* **Try it**:
Exclude the pictures, then repeat the remaining data exactly.

*** The data ***

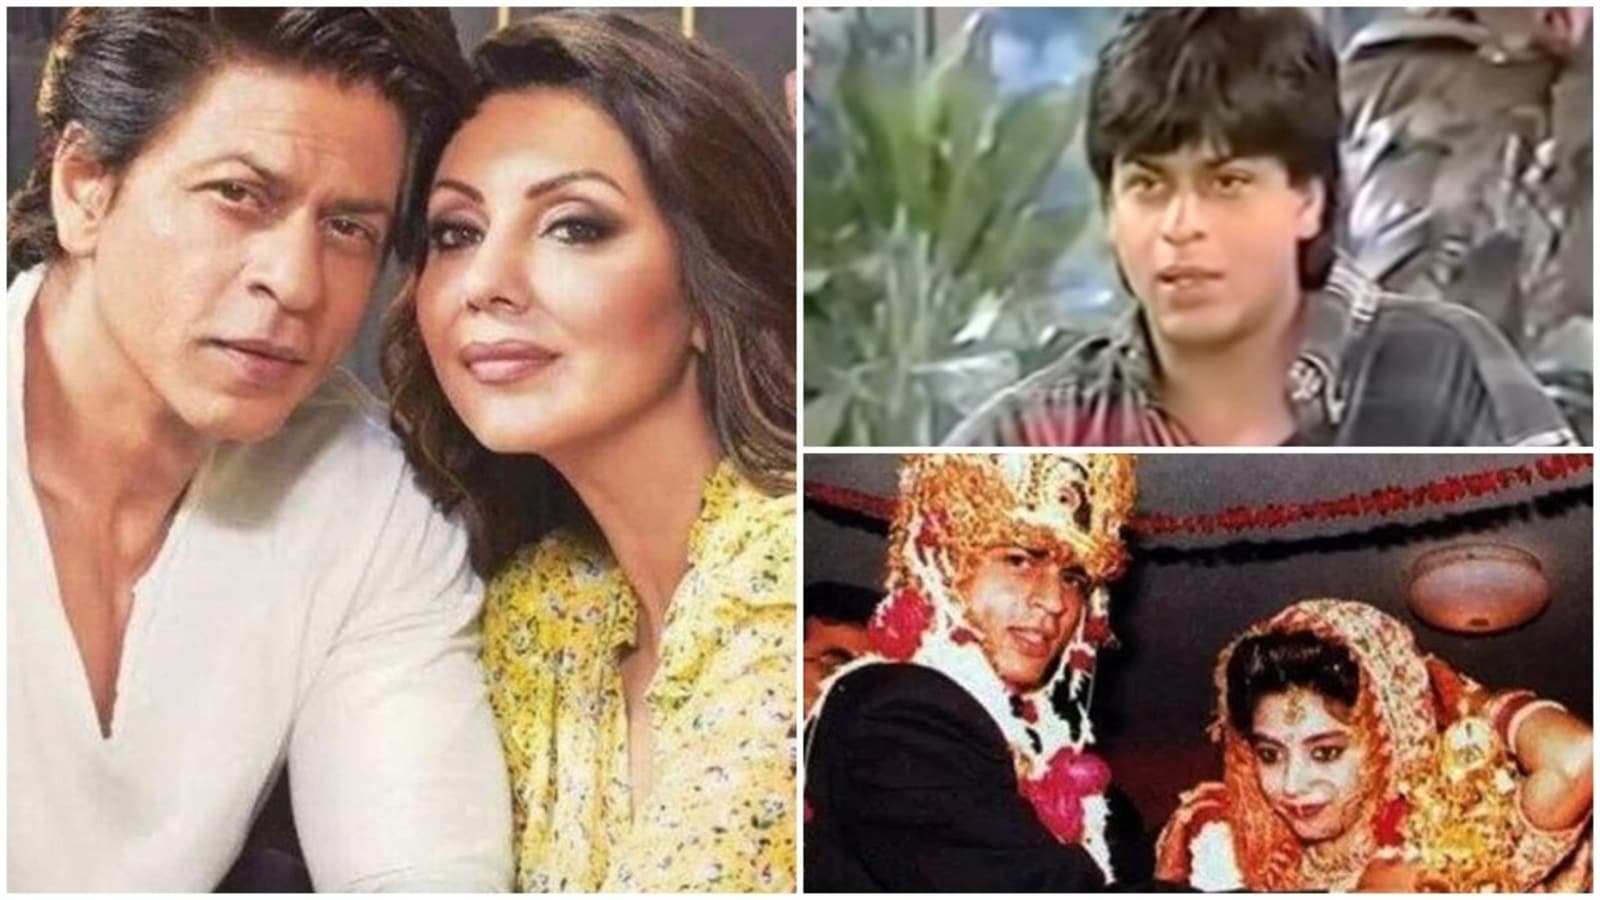 When Shah Rukh Khan trolled in-laws on wedding day: 'Chalo Gauri ...
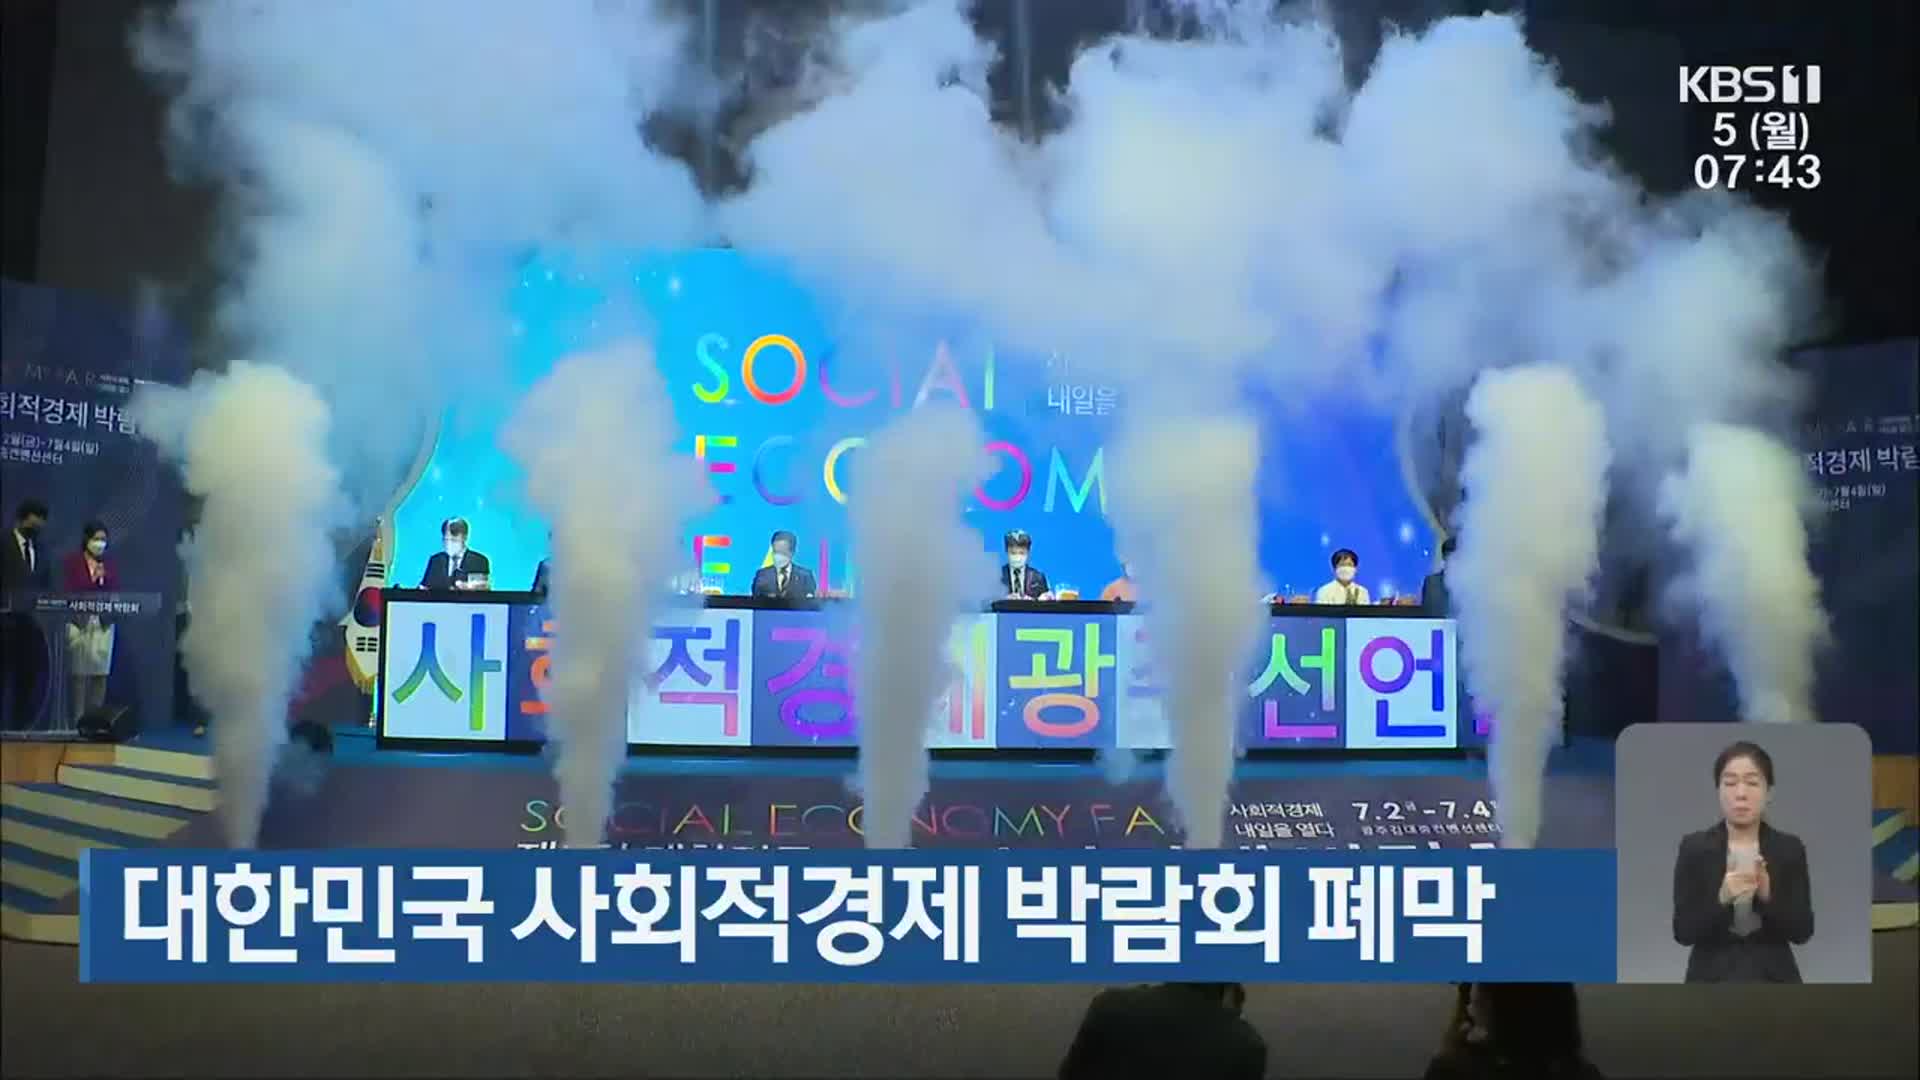 대한민국 사회적경제 박람회 폐막
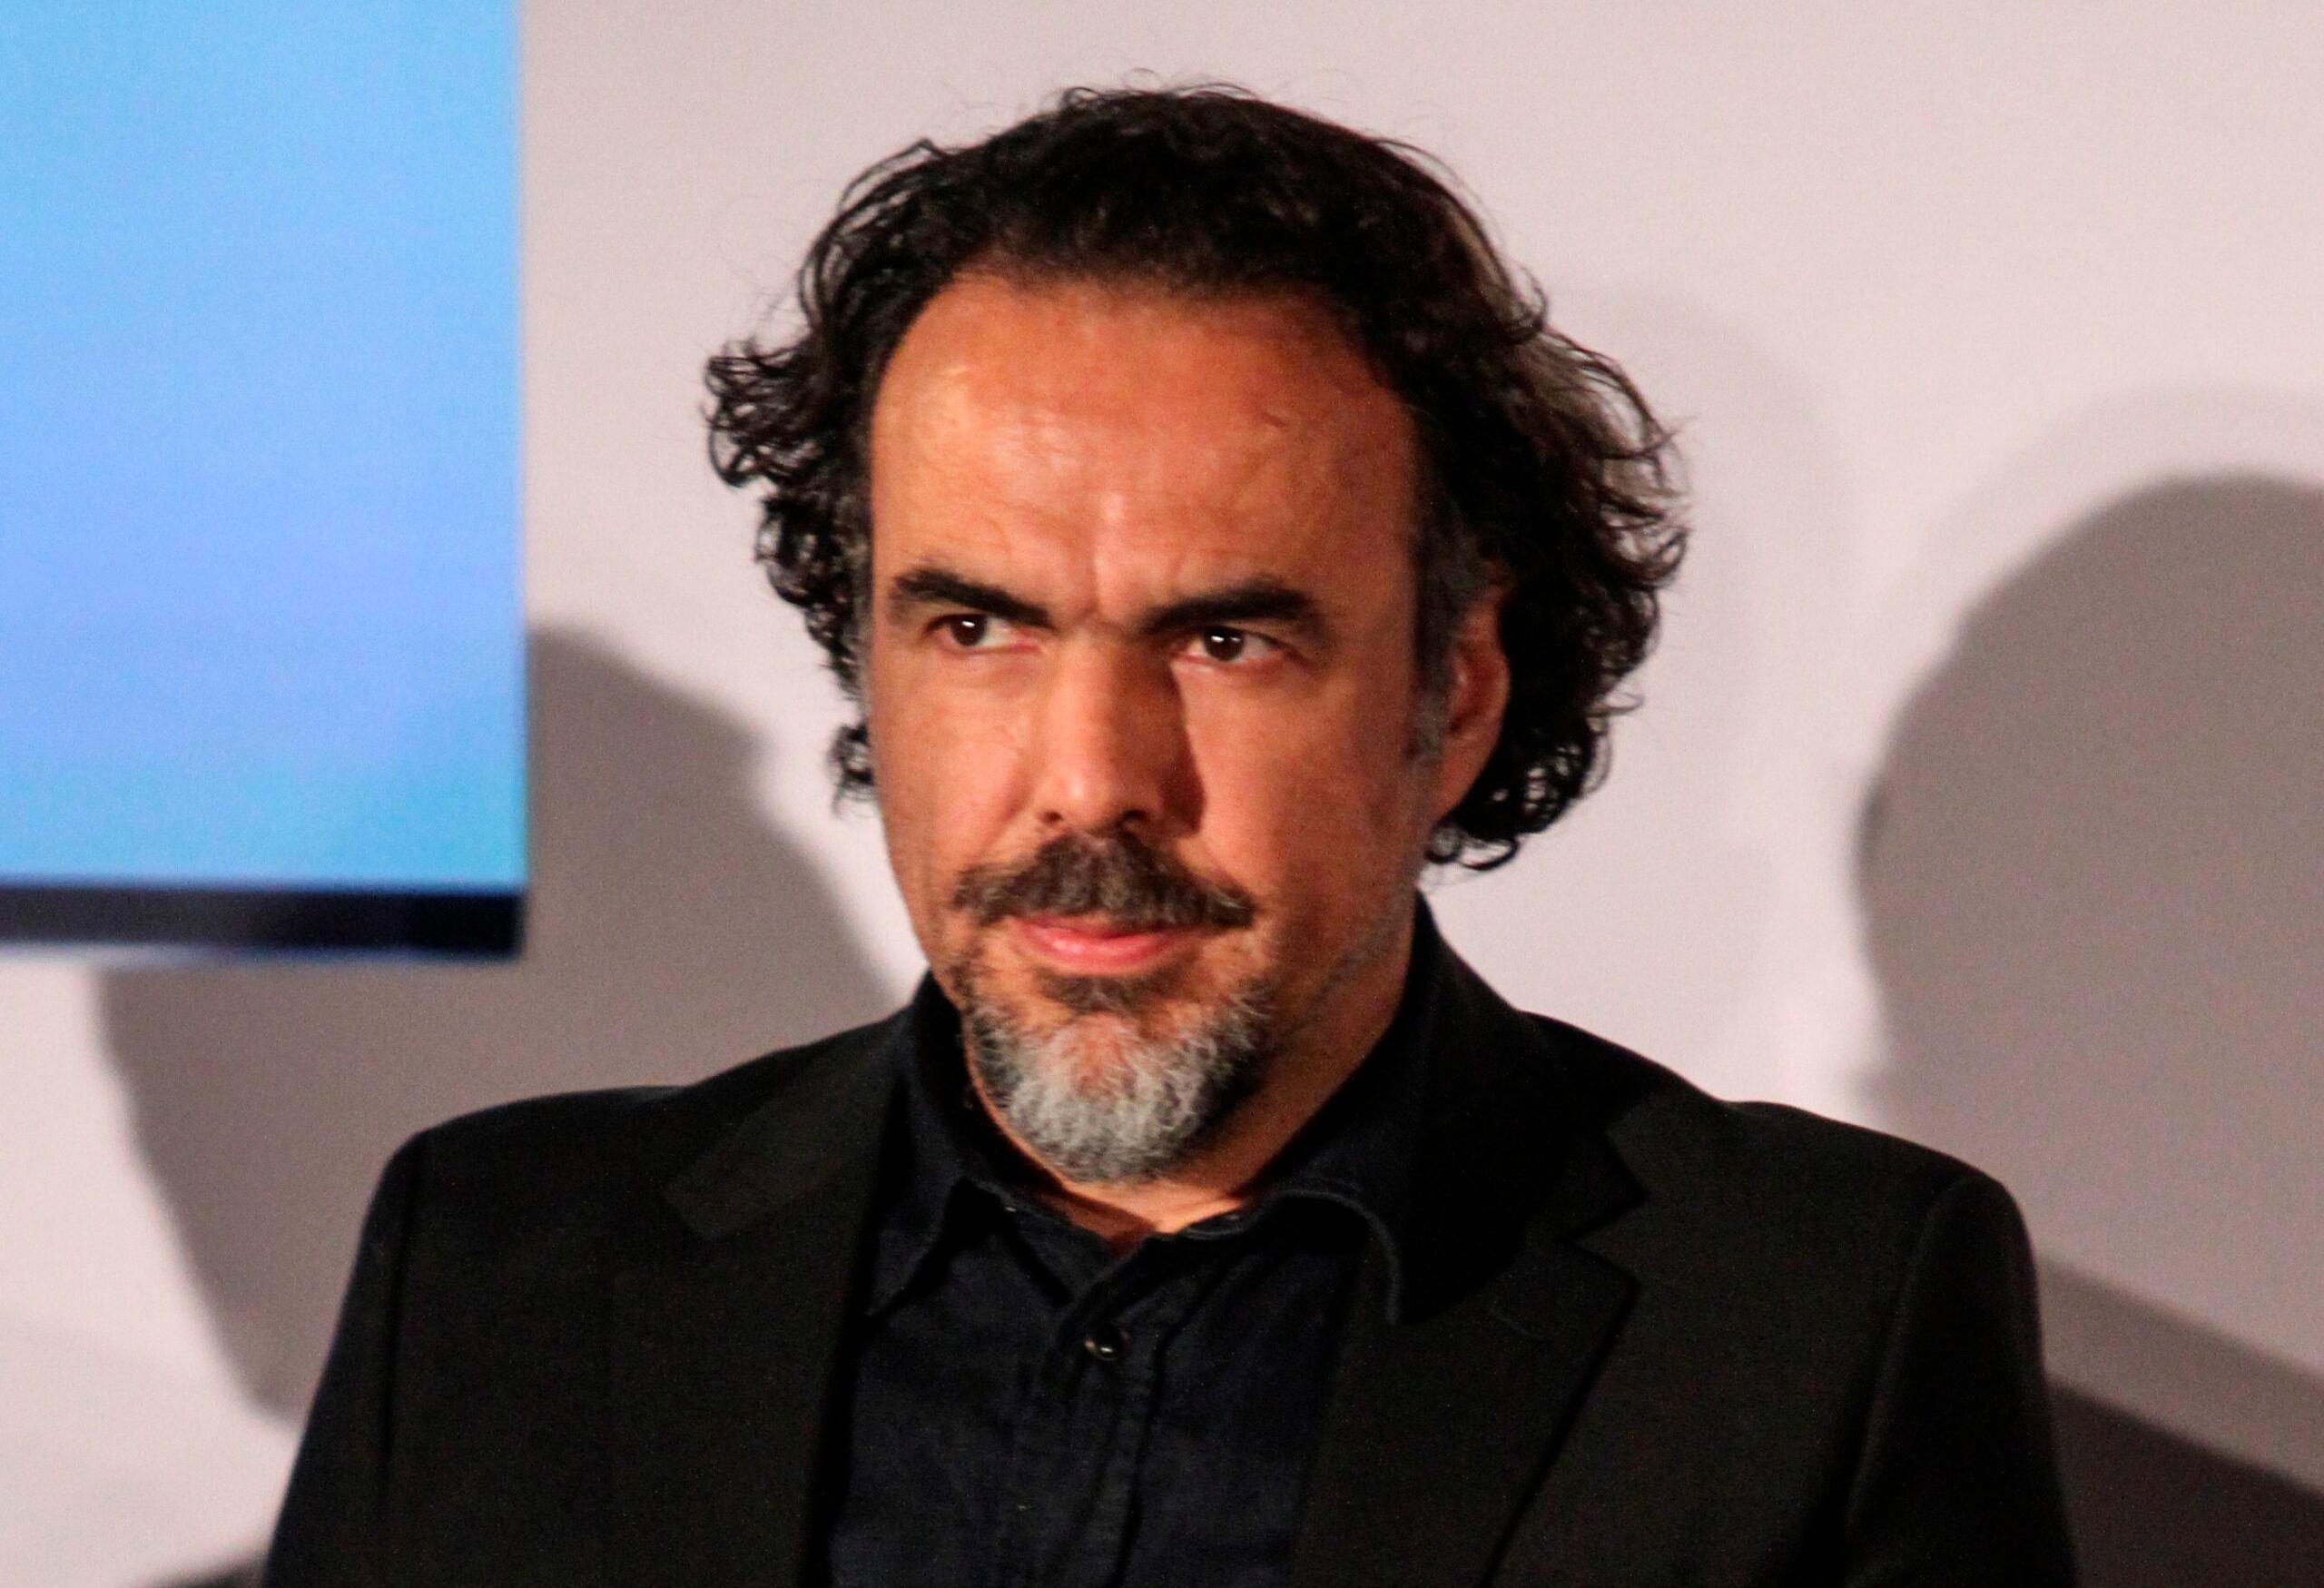 Invitar a Trump fue una traición, Peña Nieto ya no me representa: González Iñárritu

***

* **Solution to the exercise**:
 When Shah Rukh Khan trolled in-laws on wedding day: 'Chalo Gauri ...
 대한민국 사회적경제 박람회 폐막
 Invitar a Trump fue una traición, Peña Nieto ya no me representa: González Iñárritu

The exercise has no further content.